**Material provided**
+++

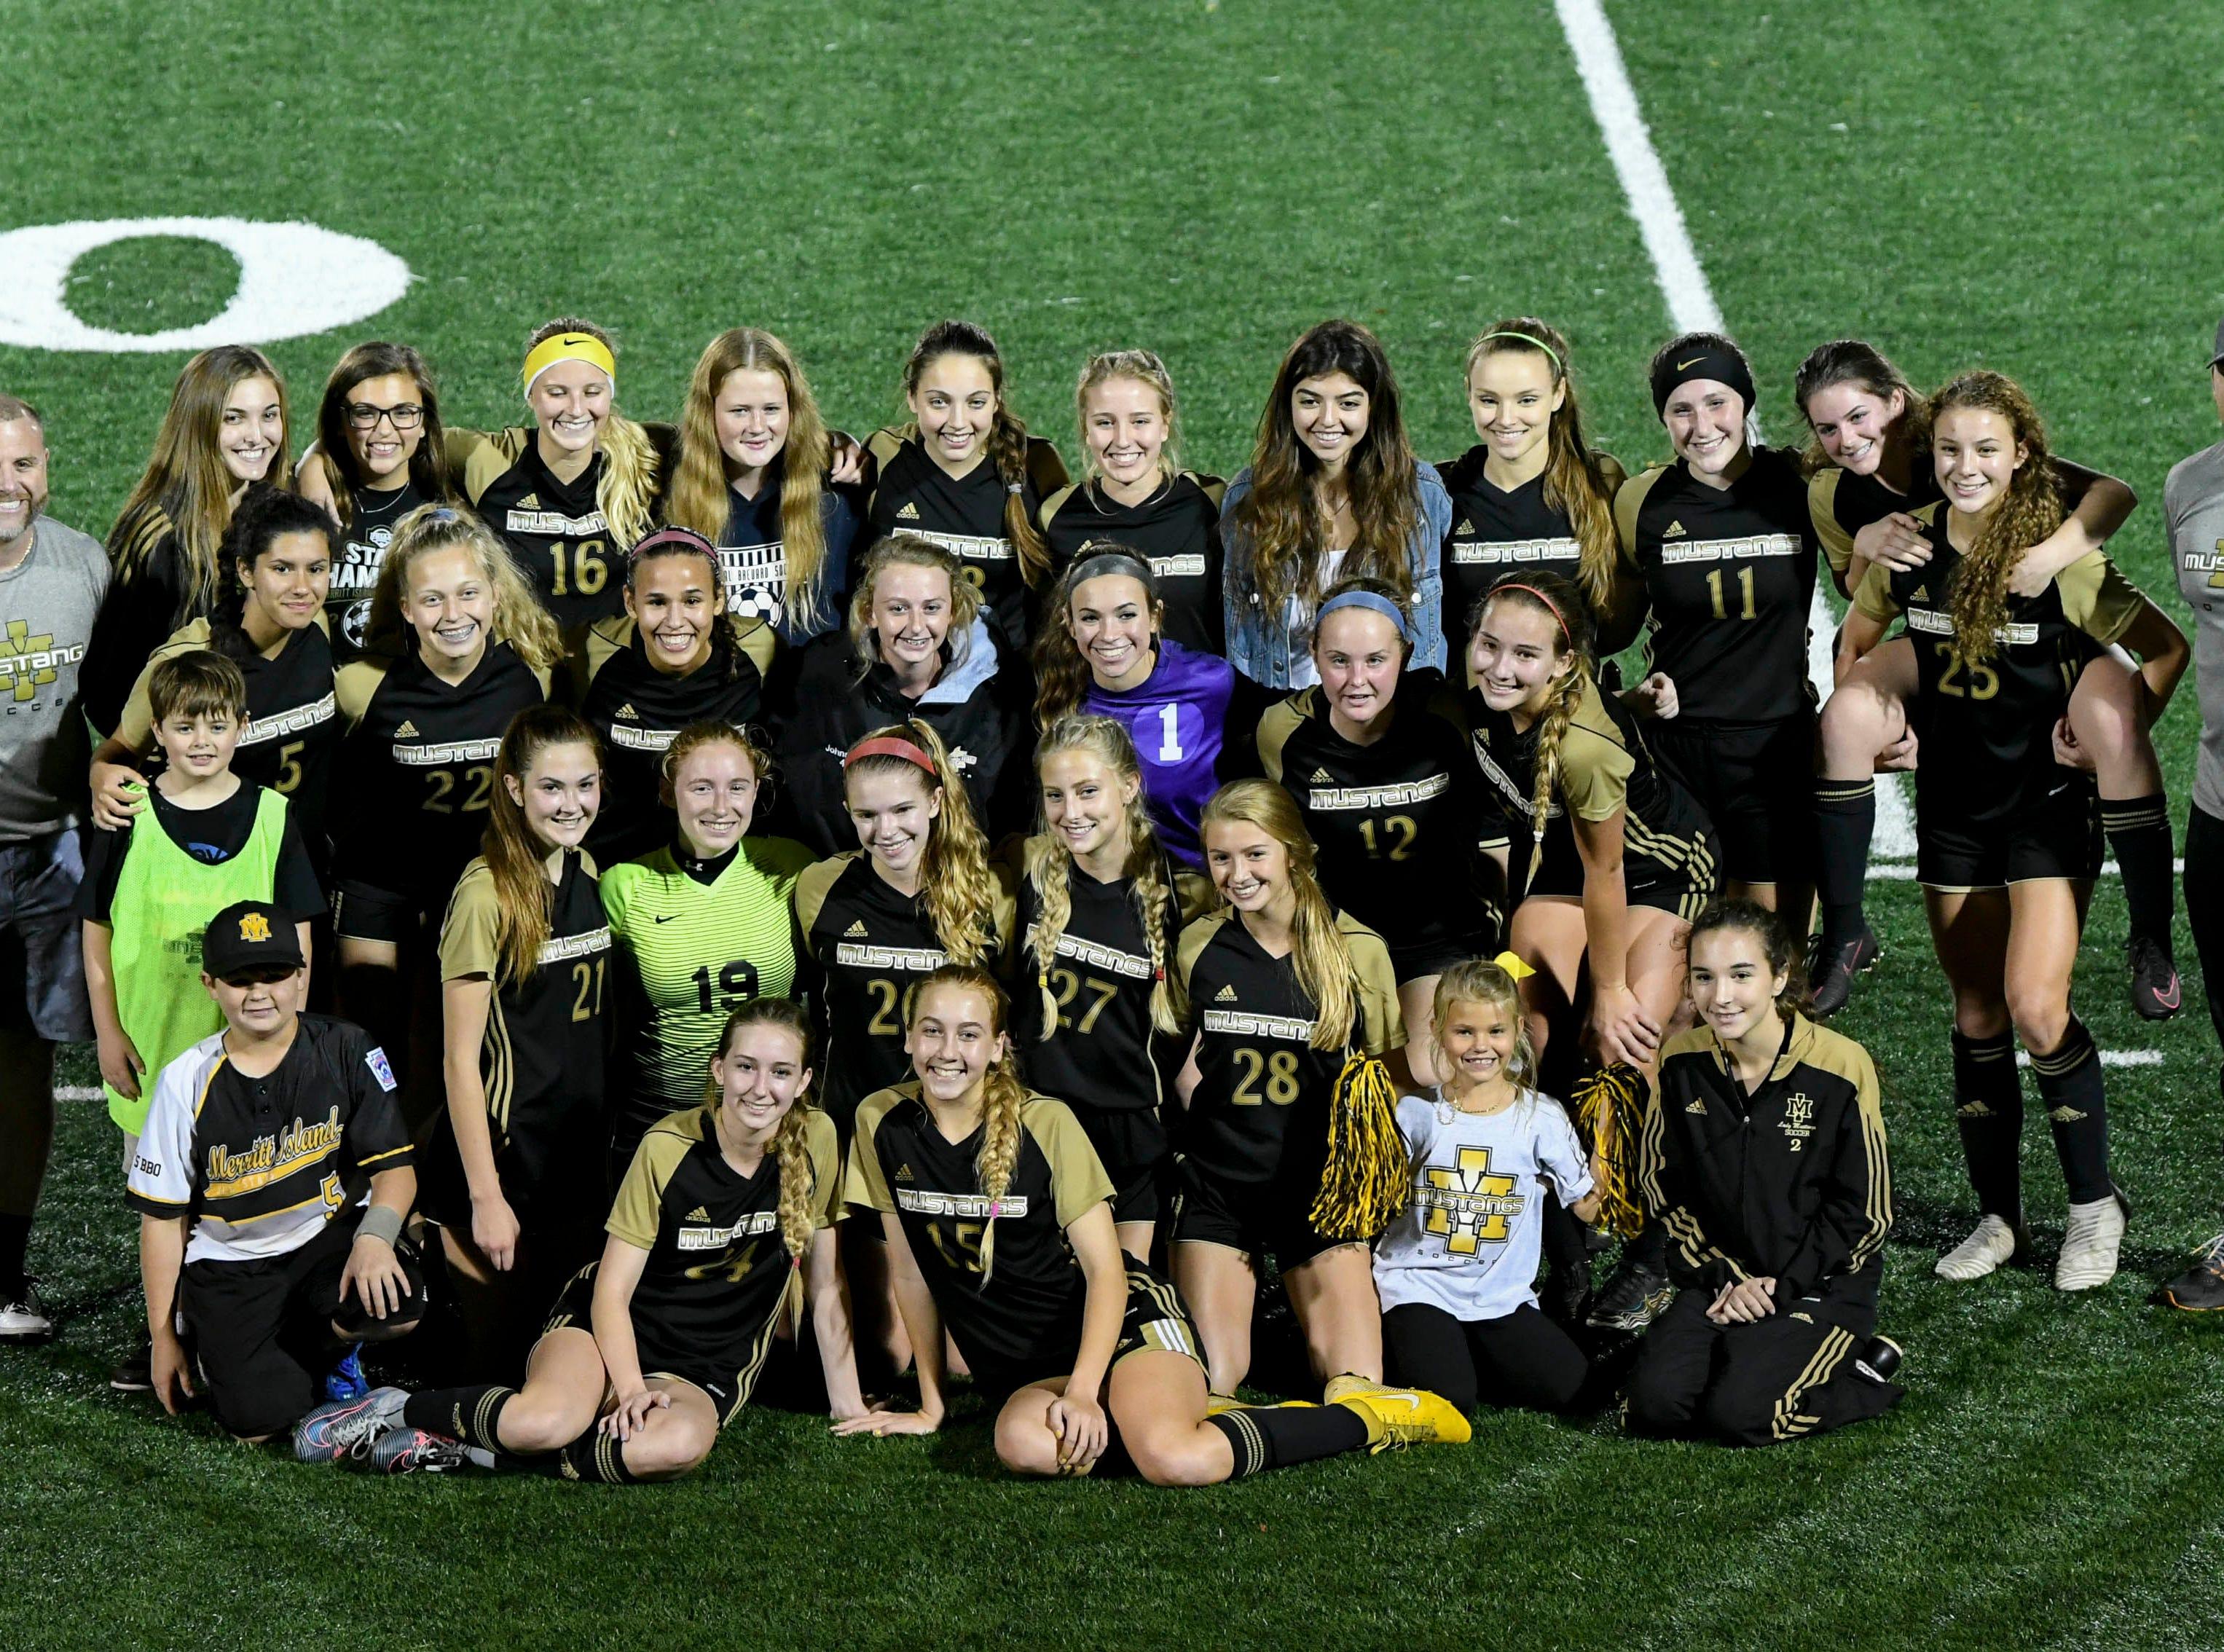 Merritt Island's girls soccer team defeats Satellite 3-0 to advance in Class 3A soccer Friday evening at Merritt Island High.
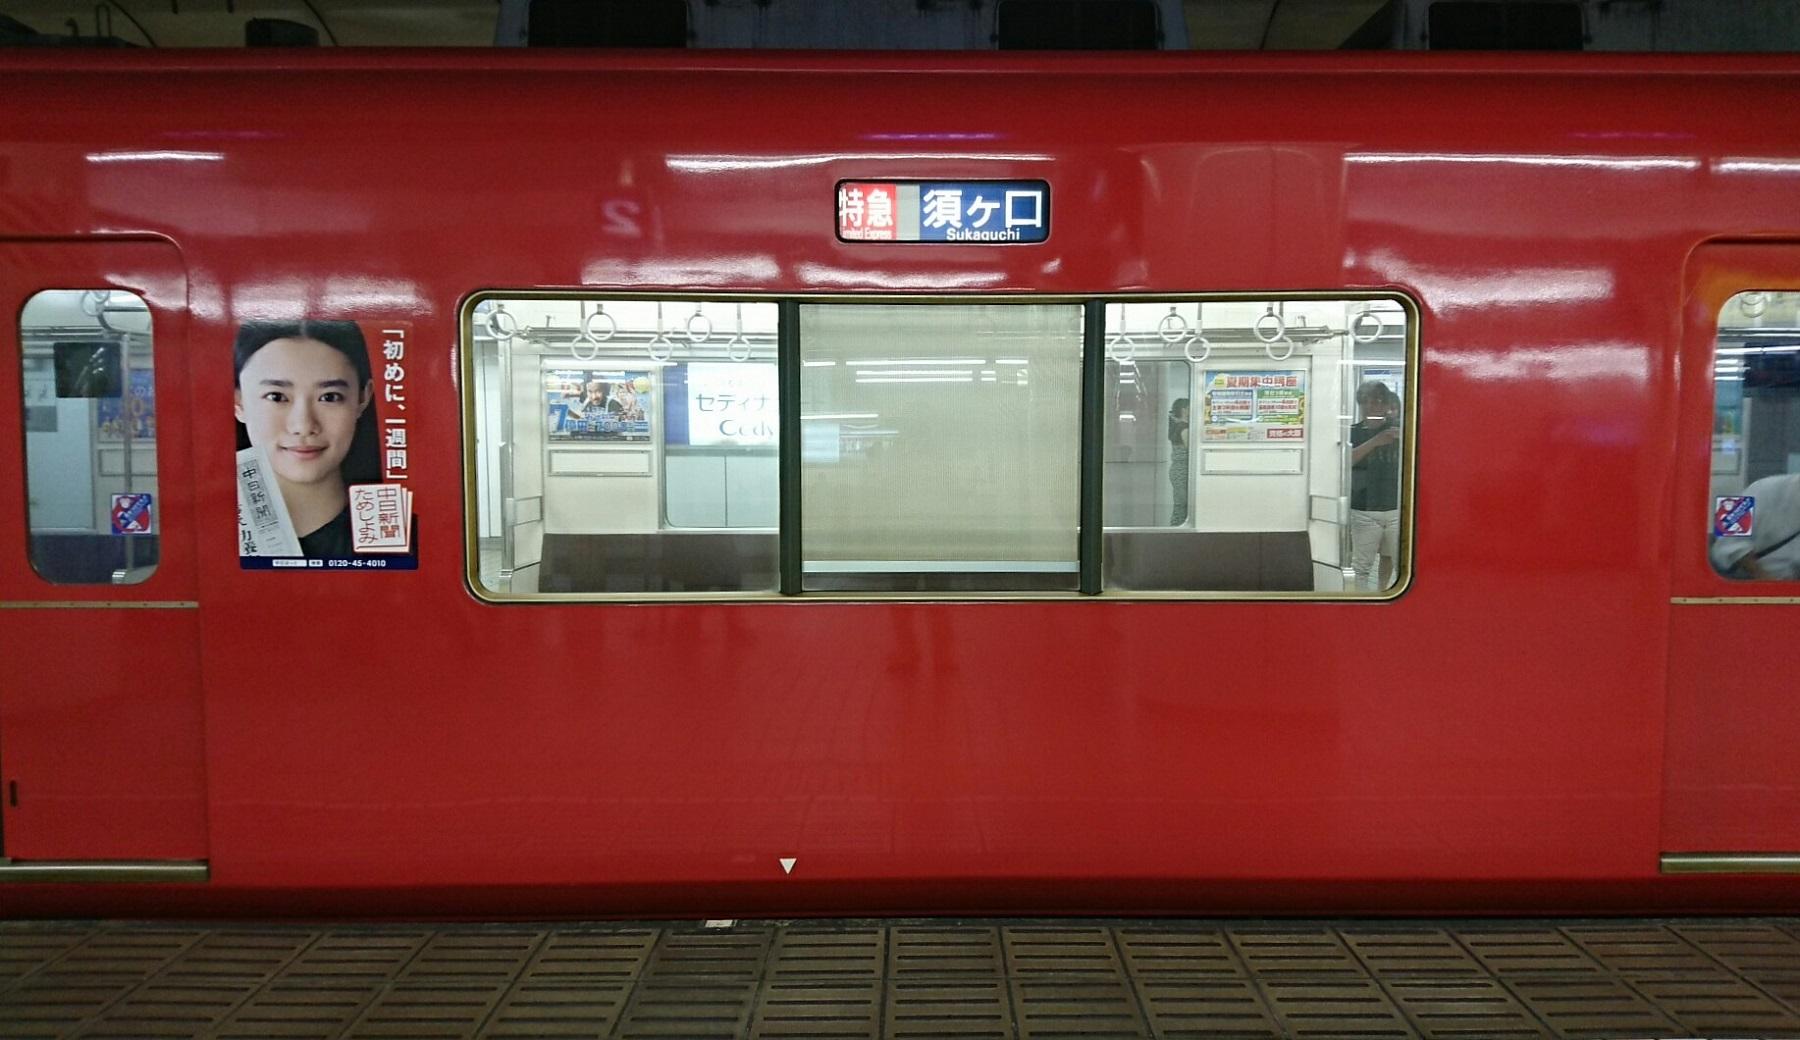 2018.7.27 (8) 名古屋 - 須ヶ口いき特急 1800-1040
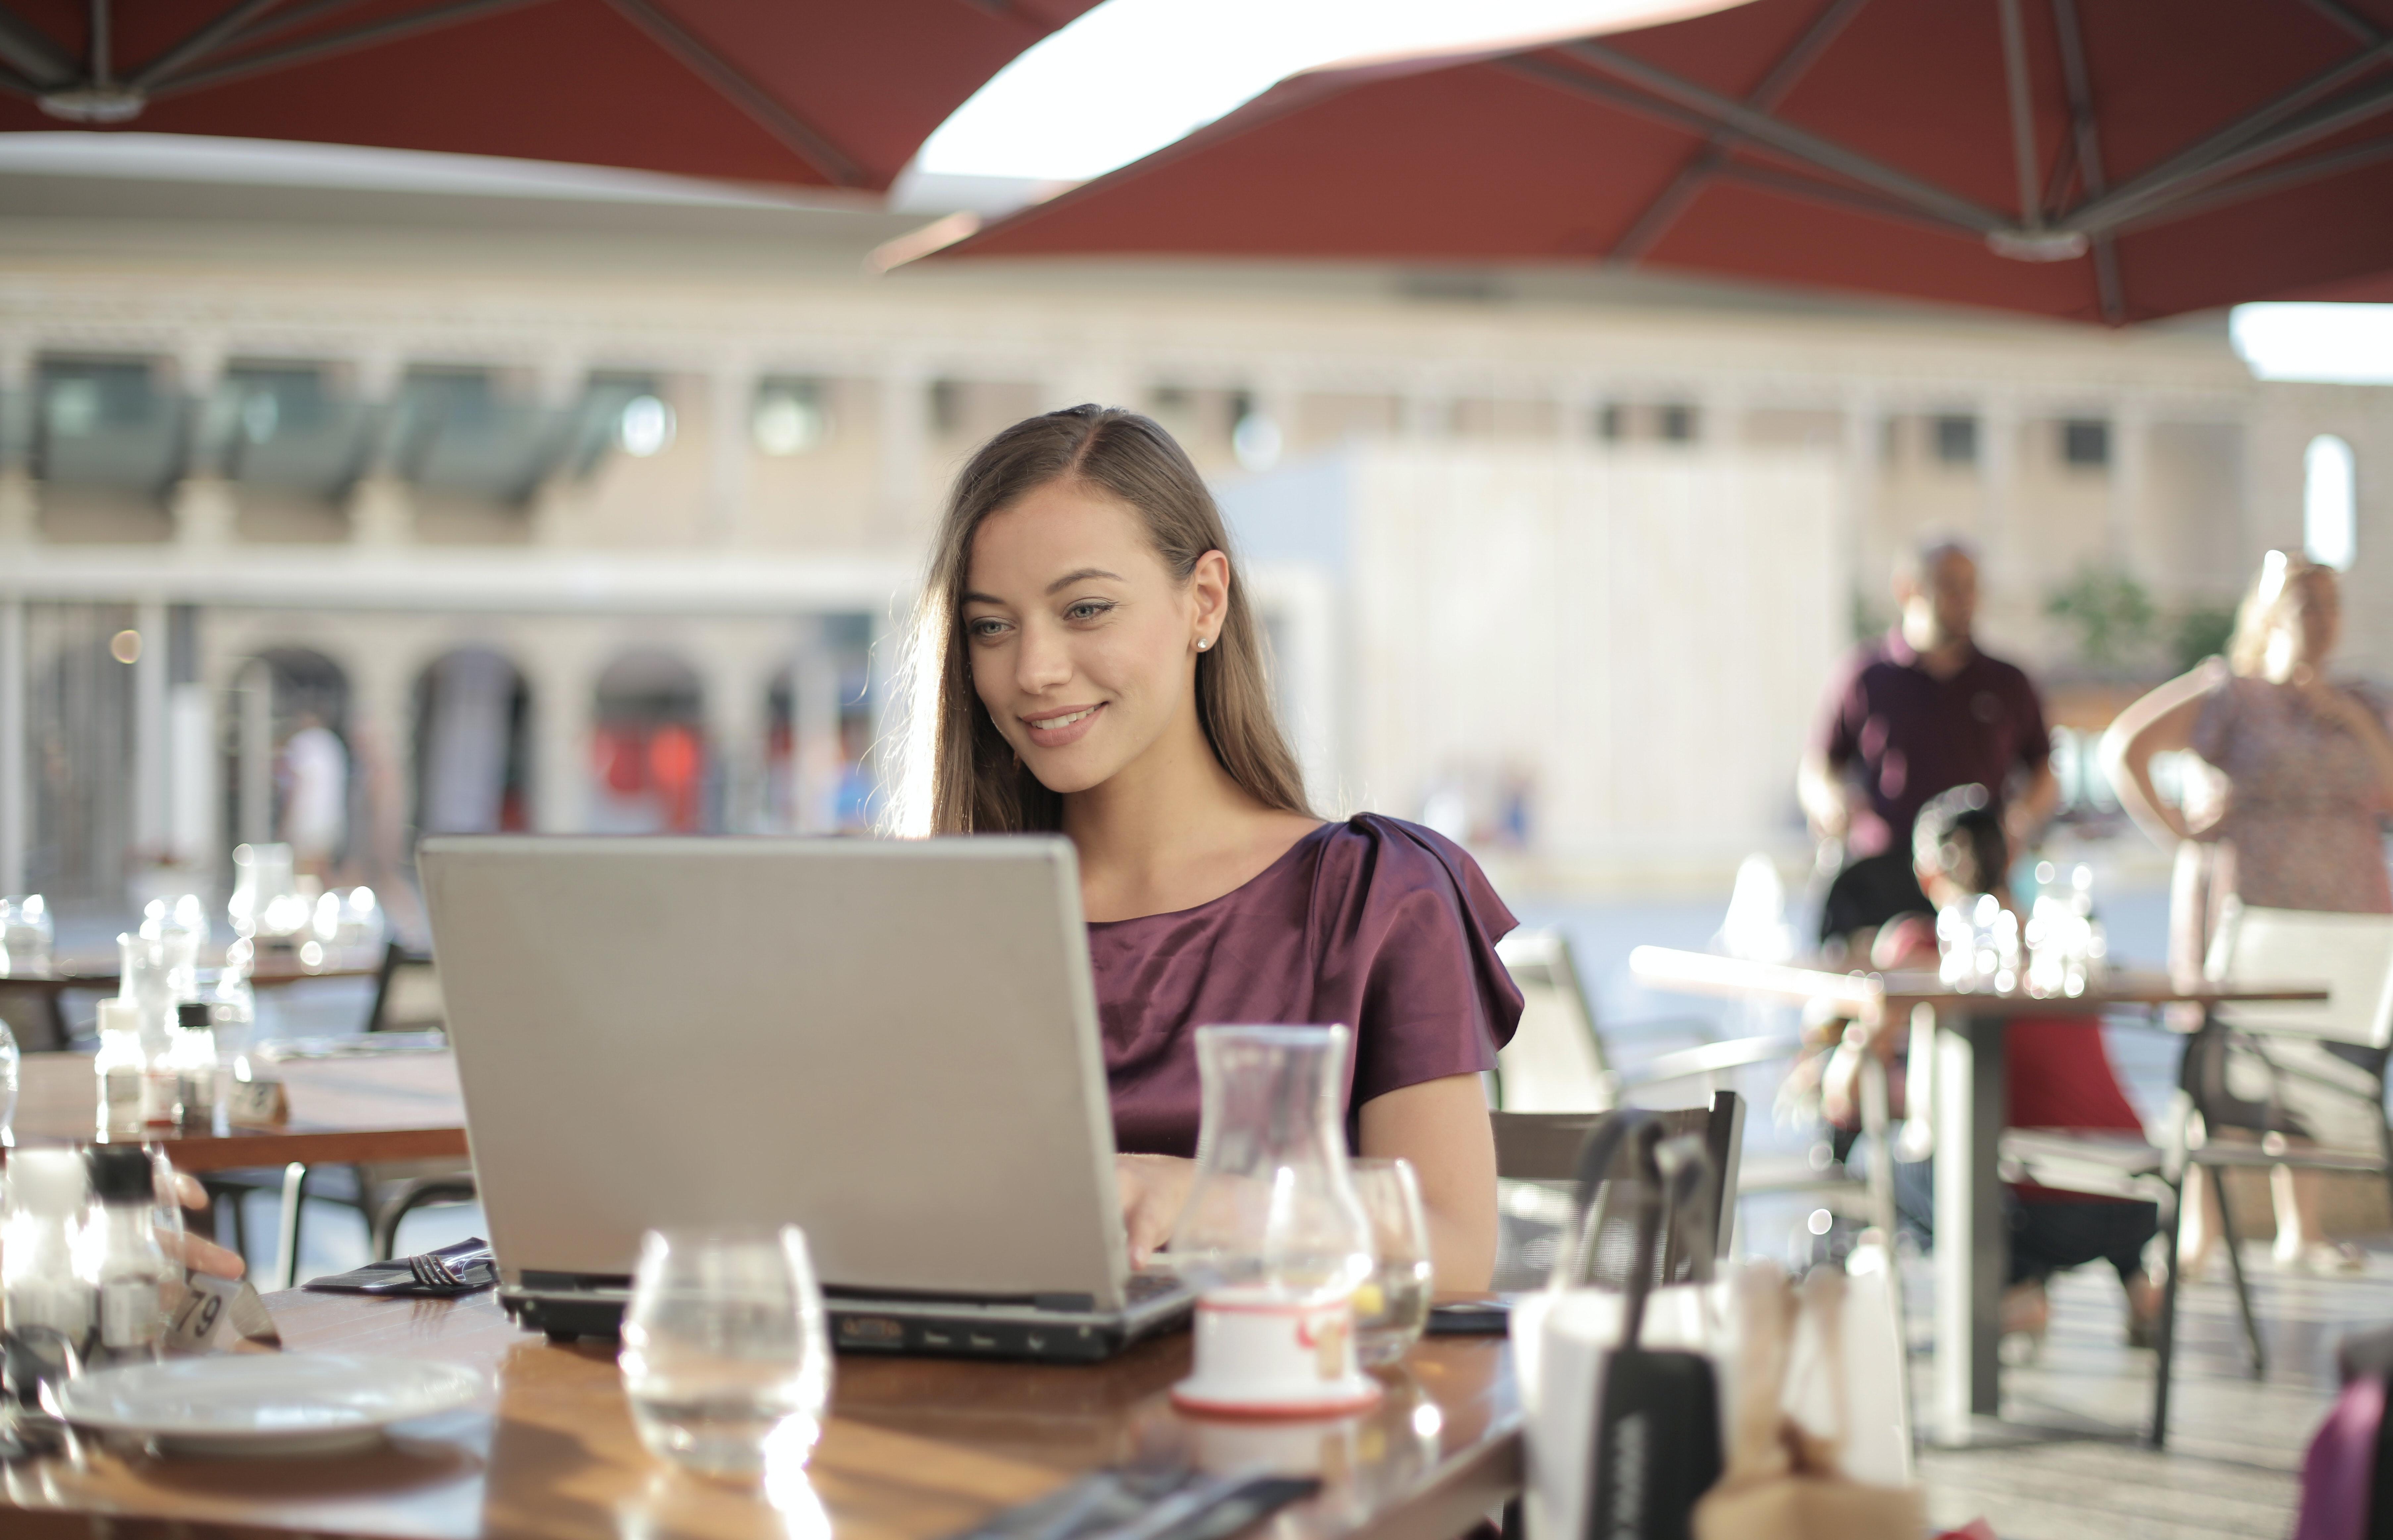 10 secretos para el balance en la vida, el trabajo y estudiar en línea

+++

**Task item**
At the line containing "2018.7.27 (8) 名古屋 - 須ヶ口いき特急 1800-1040", start reproducing exactly, and stop after the last line of the listing; include both ends, and leave the pictures out.

**Result of the exercise**
 2018.7.27 (8) 名古屋 - 須ヶ口いき特急 1800-1040
 10 secretos para el balance en la vida, el trabajo y estudiar en línea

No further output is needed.